Sarah Graves, the pen name of an Eastport resident, is a veteran mystery author. She previously had written nine mysteries, split into two series, under a different pen name. Her latest book, “The Dead Cat Bounce,” is set in Eastport, and will be released Sept. 14 as part of Bantam Books’ Crime Line.

The title is based on stock market jargon for a small, temporary rise in a stock’s trading price, after a sharp drop. The protagonist of Graves’ latest is Jacobia Tiptree, a Wall Street refugee who landed in Eastport with her teen-age son, Sam, after a divorce from her philandering, neurosurgeon husband, Victor.

She’s busy making a new life for herself, which includes a romance with local harbor pilot Wade Sorenson, while restoring her crumbling, 200-year-old house.
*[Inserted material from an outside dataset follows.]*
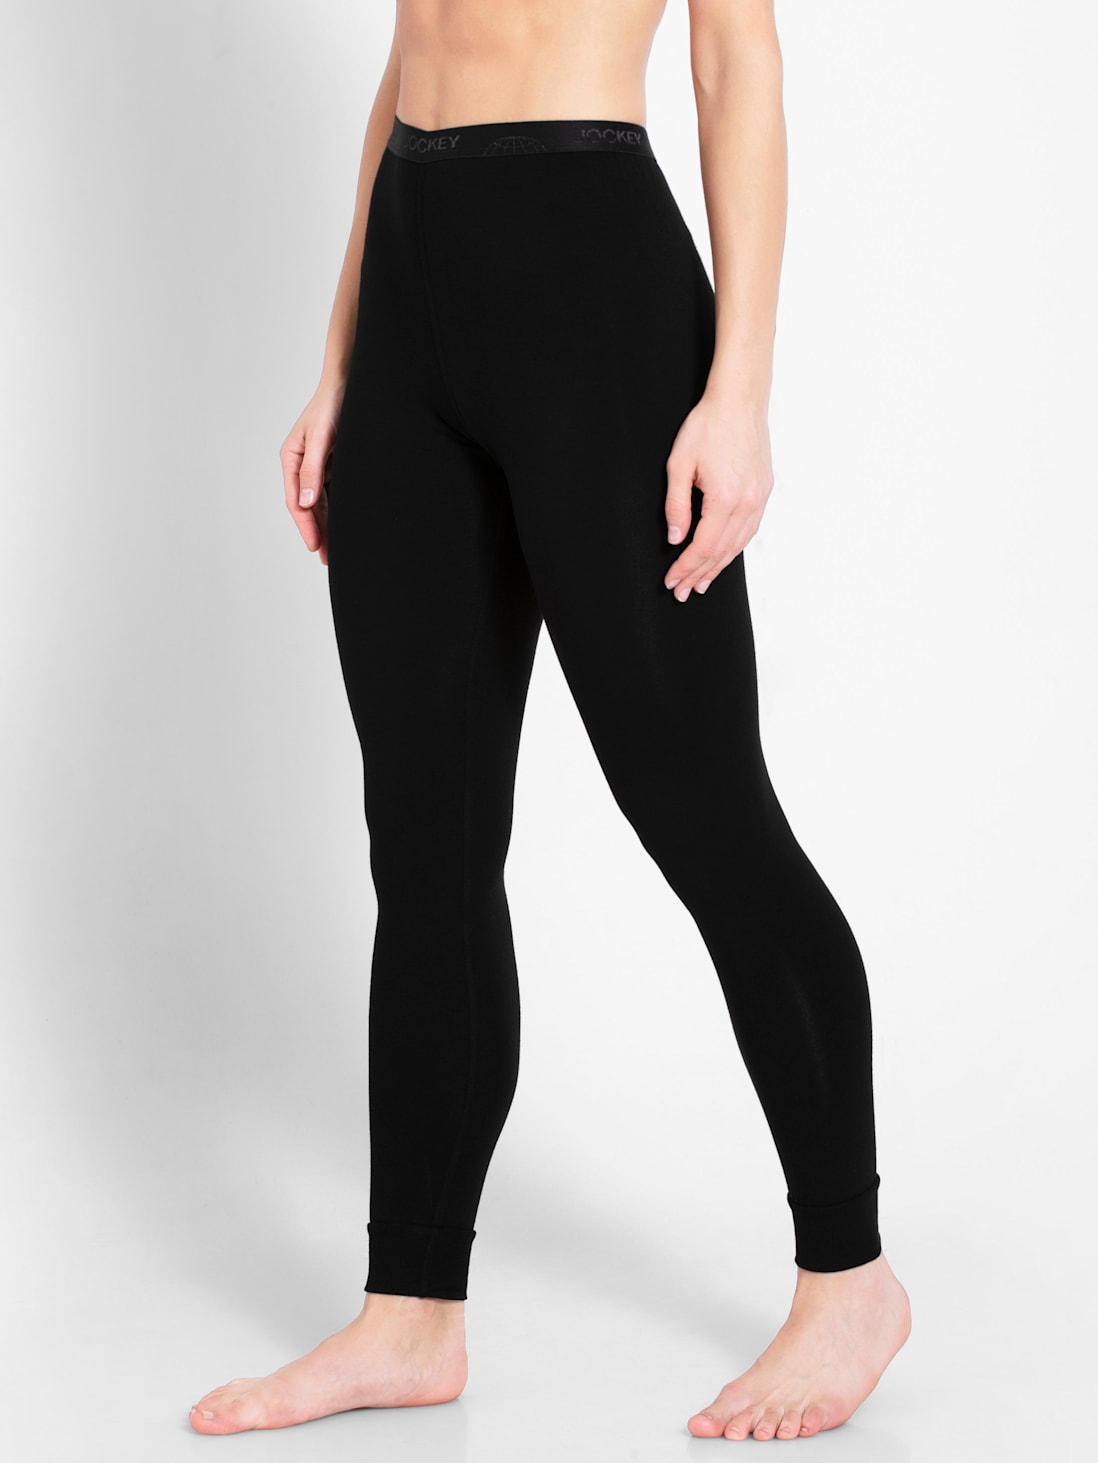 Buy Jockey Black Capri Pants Style Number-1300 Online

Graves said there are only limited similarities between herself and Jacobia. She and her husband, both free-lance writers, live in an 1823 house, although it is in nowhere near as bad repair as Jacobia’s. Like Jacobia, she too has a dog. Also, Graves’ feelings about her adopted town of Eastport color Jacobia’s thoughts in a big way.

She explained that she and her husband, then living in Connecticut, were looking to move away from the busy, rather crowded I-95 corridor.

“We came to Eastport because it was at the very end of the road,” Graves explained. “Like so many others, we became captured by it. That part of Jacobia’s story is factual, in feeling if not in point-by-point fact.”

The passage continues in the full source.